00:09 Le défilé notamment de ces femmes et de ces hommes qui ont décidé de s'engager pour la France.
00:14 Alors comment vont-elles, nos armées, dans un contexte et face à des enjeux de plus en plus tendus et compliqués ?
00:21 On en parle ce matin avec le général Thierry Burckhardt. Bonjour.
00:25 Bonjour Madame.
00:26 Merci d'avoir accepté notre invitation.
00:27 Vous êtes depuis deux ans maintenant le chef d'état-major des armées françaises.
00:32 Alors je le disais à l'instant, comment vont-elles, nos armées ?
00:35 Est-ce qu'elles sont à la hauteur des enjeux qui se présentent devant elles aujourd'hui ?
00:39 Alors tout d'abord, les armées le 14 juillet, c'est forcément des armées heureuses,
00:43 puisque c'est quand même un jour la fête nationale,
00:45 mais c'est aussi un jour de communion entre les Français et leur armée.
00:48 Et c'est quelque chose qui est extrêmement important,
00:50 quand on est en charge de défendre les Français et les intérêts de la France.
00:54 Et en fait, se sentir en communion avec son pays est quelque chose qui est extrêmement important.
00:57 Alors quels sont les grands enjeux ?
00:58 Aujourd'hui, c'est une vraie bonne journée.
01:00 Alors maintenant, les grands enjeux, c'est...
01:02 Il y a bien évidemment en fait quelque chose qui est directement lié,
01:05 c'est, vous l'avez vu, une loi de programmation militaire, 413 milliards, qui est inédite.
01:10 Ce qui est inédit aussi, je pense que c'est l'environnement stratégique.
01:13 Un environnement stratégique qui est...
01:14 On peut avoir différents qualificatifs, mais qui est au moins préoccupant.
01:17 La guerre en Ukraine ?
01:18 La guerre en Ukraine, mais c'est plus globalement, c'est un peu le rapport de force,
01:22 c'est même l'emploi de la force qui est le mode de règlement des conflits aujourd'hui.

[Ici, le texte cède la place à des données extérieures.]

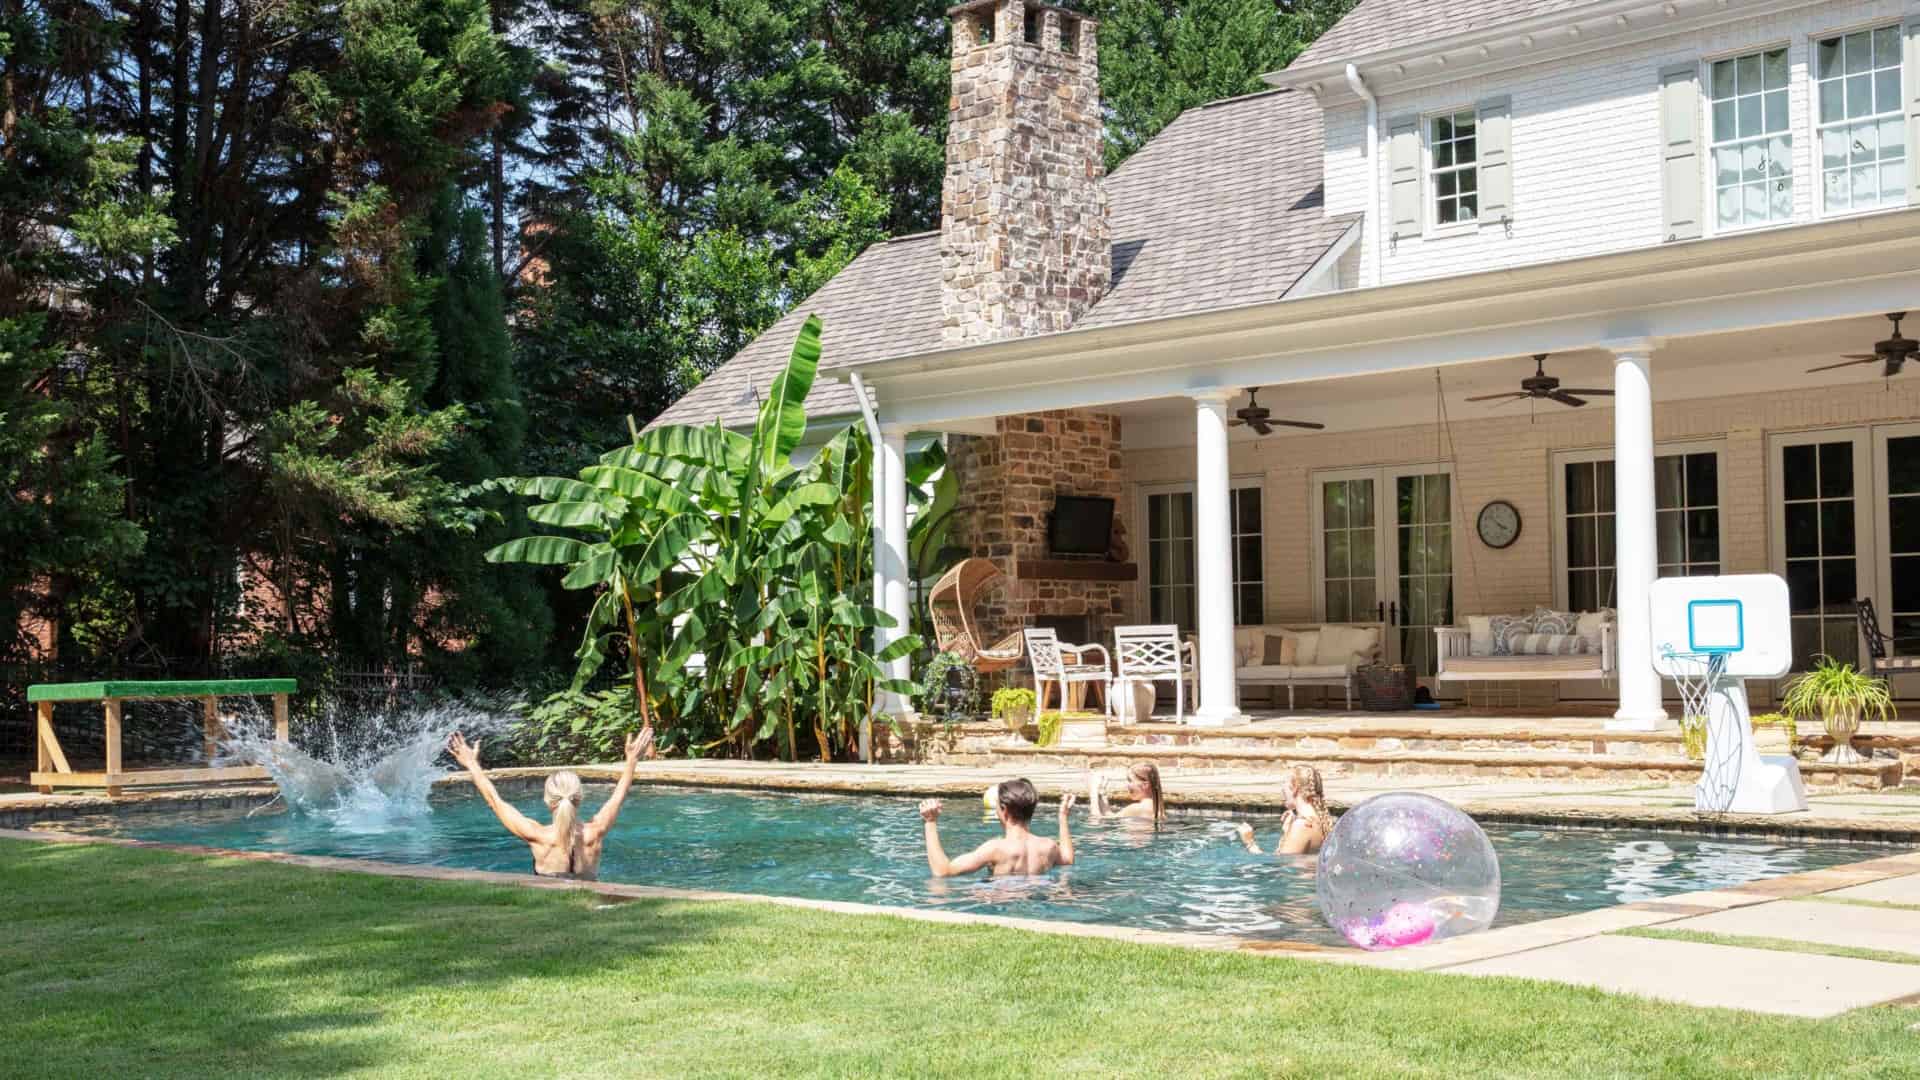 People swimming in backyard pool

01:25 C'est aussi, comment dire, un peu le rejet d'un ordre international qui est fondé sur le droit.
01:32 Et c'est aussi les conséquences de la guerre en Ukraine avec une modification des flux économiques.
01:37 En fait, un monde qui est en grand bouleversement,
01:39 avec des choses qui sont déjà irréversibles, mais qui bougent encore.
01:42 Et face à tout ça, est-ce que nos armées sont prêtes ?
01:44 En fait, on a la chance d'avoir en France une armée d'emploi.
01:47 Et donc, une armée d'emploi, ça veut dire...
01:49 C'est-à-dire une armée professionnelle ?
01:50 C'est une armée professionnelle, mais au-delà, professionnelle, qui est engagée en opération.
01:53 Parce qu'on a des autorités politiques qui savent qu'elles peuvent compter sur les armées
01:57 et qui les engagent en appui de la politique, de la stratégie de puissance, d'équilibre
02:01 que développe le président de la République,
02:03 que ce soit dans différents pays, face à différentes situations.
02:06 Et donc, ça c'est quand même un gros avantage.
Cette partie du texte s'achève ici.